一つは、「種の壁」についての誤解だった。動物の病気が人間に感染するのはそれほど珍しくないけれども、一般的によく知られてはいなかった。たとえばインフルエンザはごく普通の病気で、しかも簡単に「種の壁」を超える。たとえば狂牛病の最初のころ、この病気の解説をする人が「ウシの病気が人間に感染するといっても、それ自体は驚かなくて良い」と言えば騒ぎはなかっただろう。

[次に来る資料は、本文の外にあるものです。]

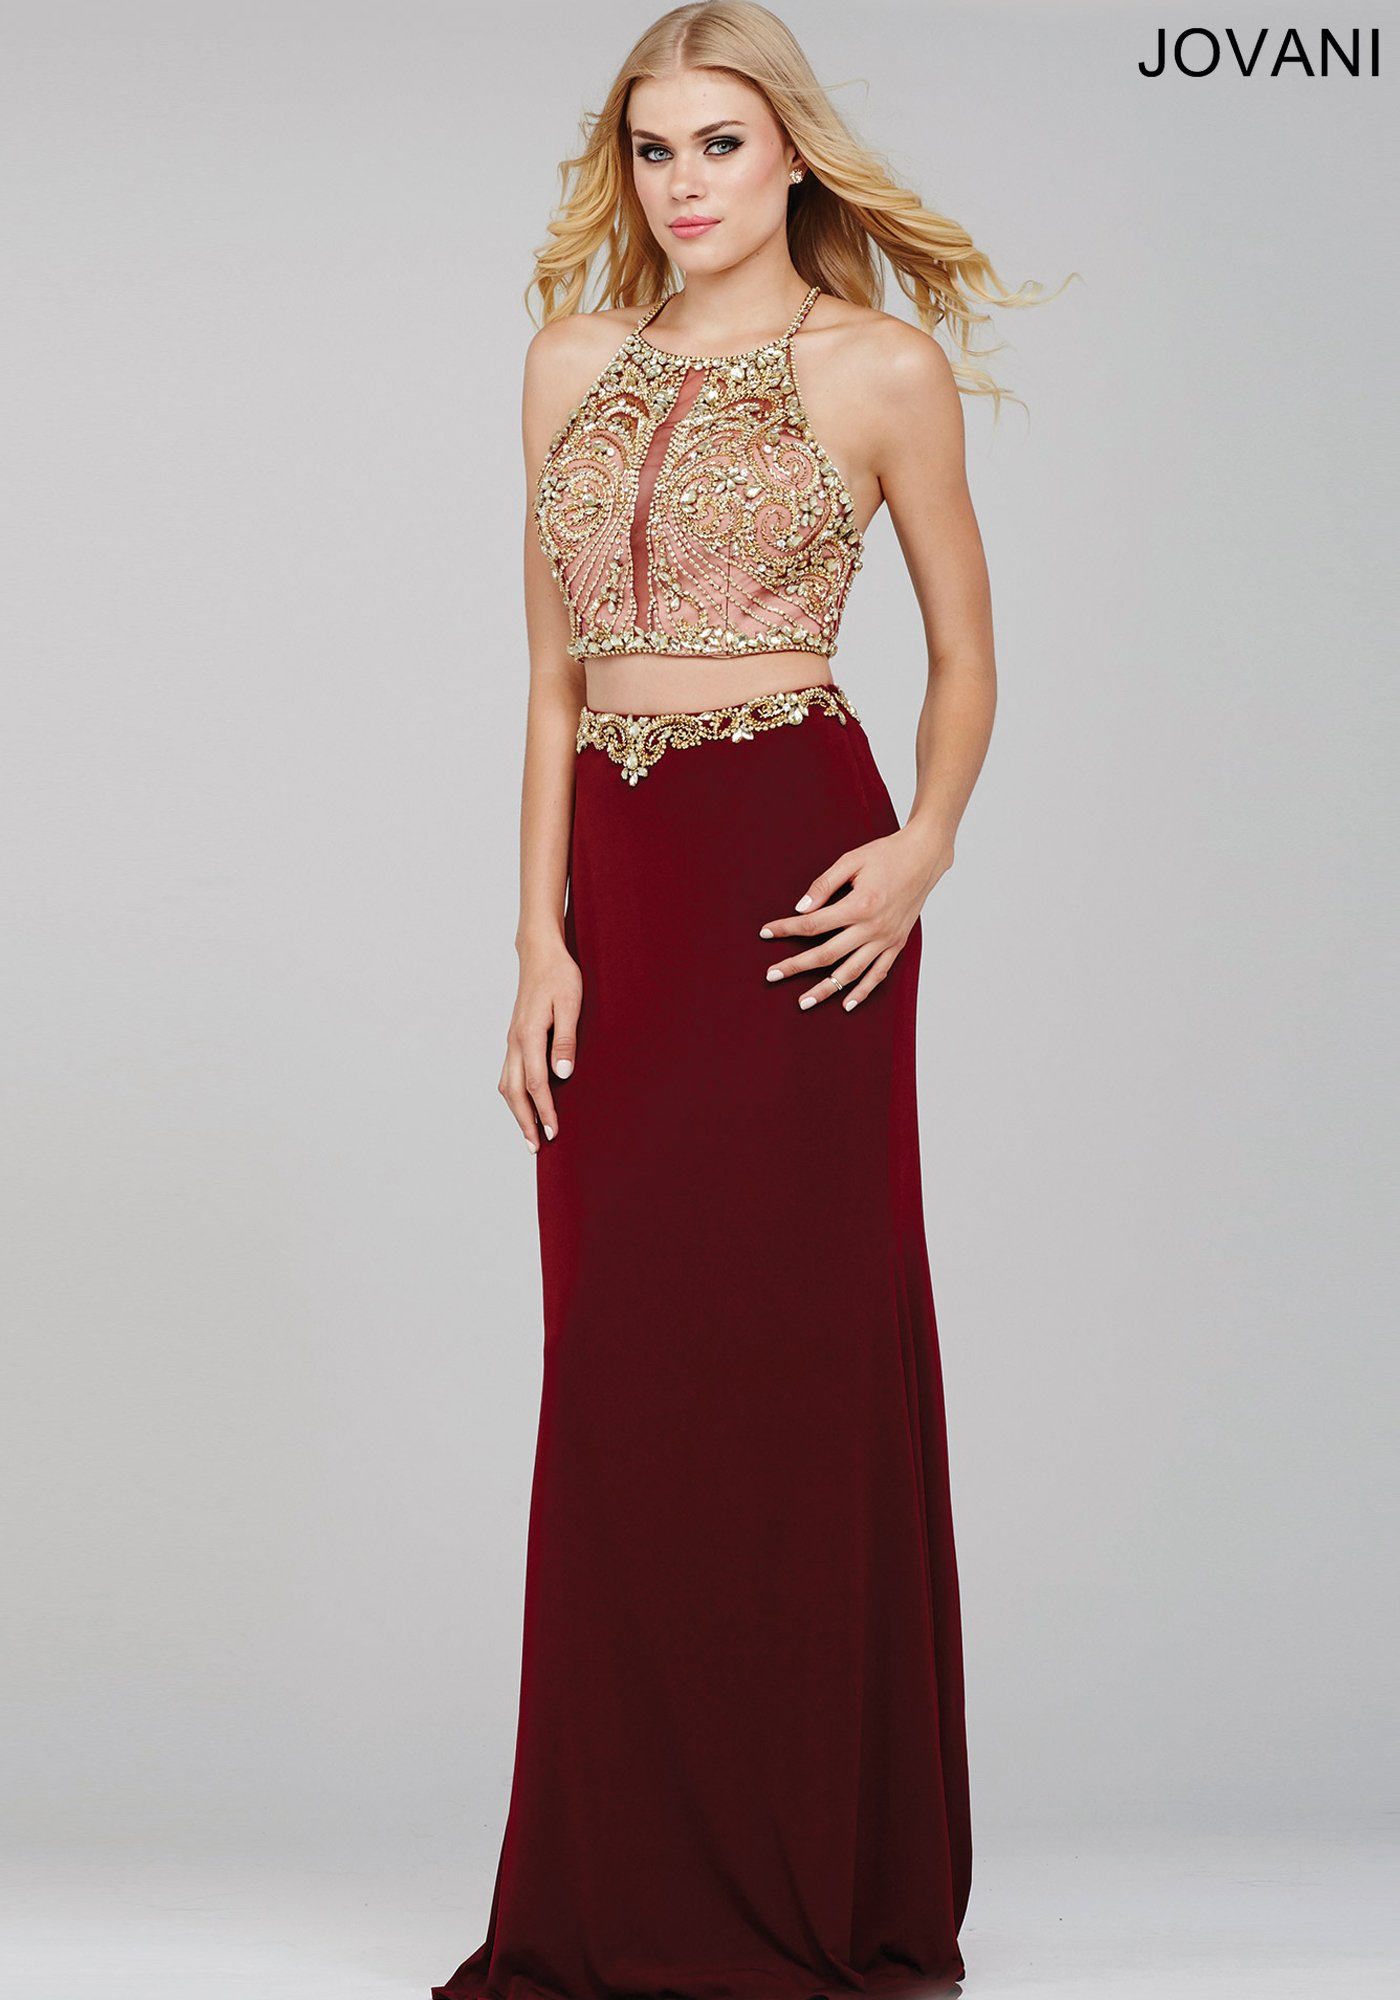 Fullsize Of Two Piece Dresses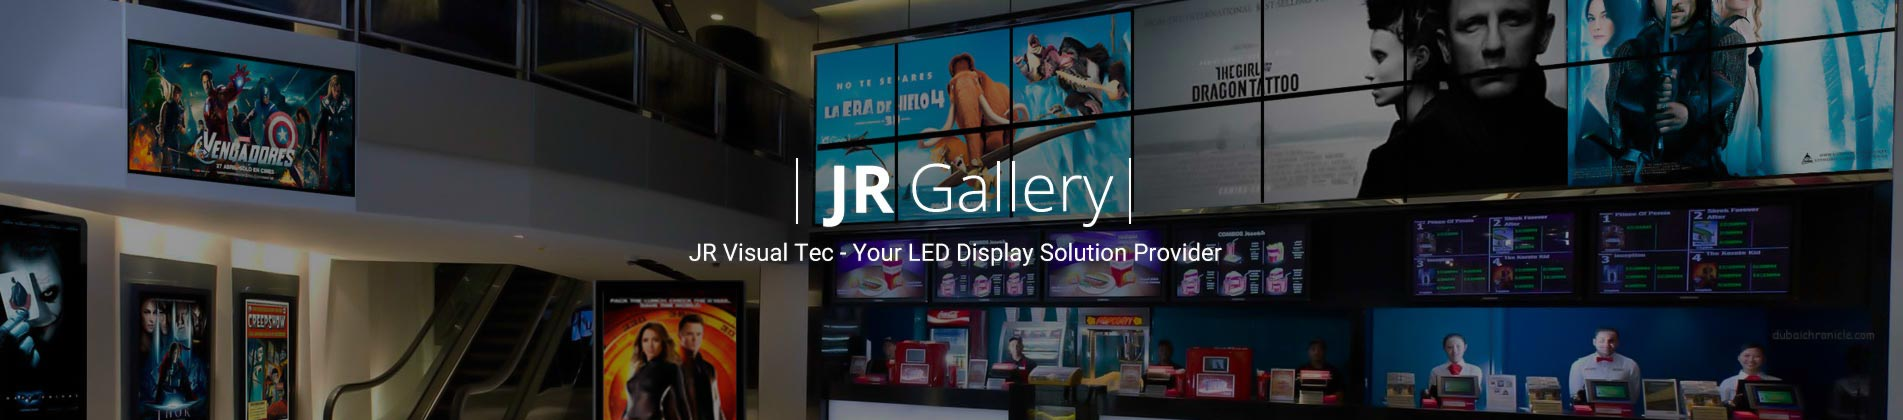 jr gallery

でも、つい大げさに「種の壁」などと解説したのも原因した。
第二は、狂牛病の感染力がどの程度であるかが判らなかったので、不安をあおるような数字が出てしまった。最初のころ、イギリスの推定される狂牛病の患者の数は数百万人などと言われた。実際には現在の患者数が137人、これから万が一、増えたとしても最大で300人ていどとされている。推定値と実際の患者の数に、1万倍も差がある。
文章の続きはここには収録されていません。